**Source material**
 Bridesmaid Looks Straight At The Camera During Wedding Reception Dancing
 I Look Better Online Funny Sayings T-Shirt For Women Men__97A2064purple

==

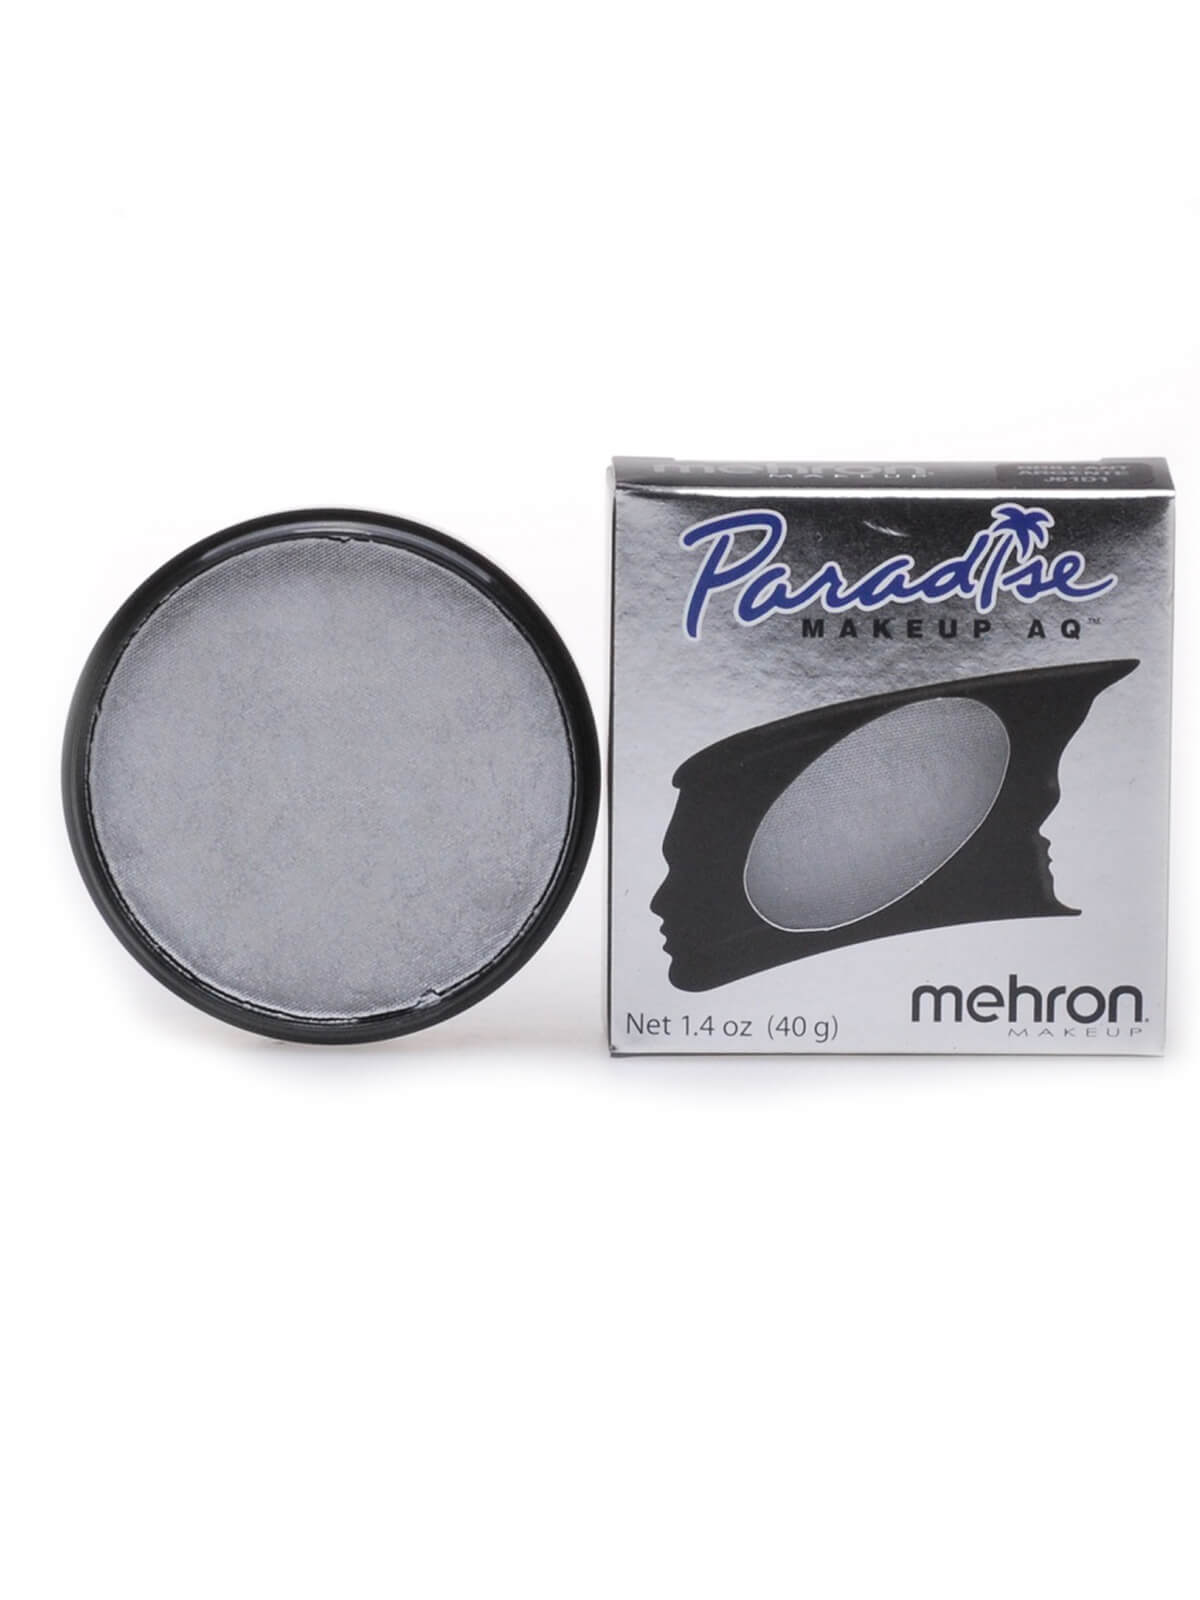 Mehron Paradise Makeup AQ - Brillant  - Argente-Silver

**Work item**
Here the job is to set down exactly the lines of the material above that fall between the one with "Bridesmaid Looks Straight" and the one with "I Look Better", inclusive, and nothing beyond them.

**Completed task**
 Bridesmaid Looks Straight At The Camera During Wedding Reception Dancing
 I Look Better Online Funny Sayings T-Shirt For Women Men__97A2064purple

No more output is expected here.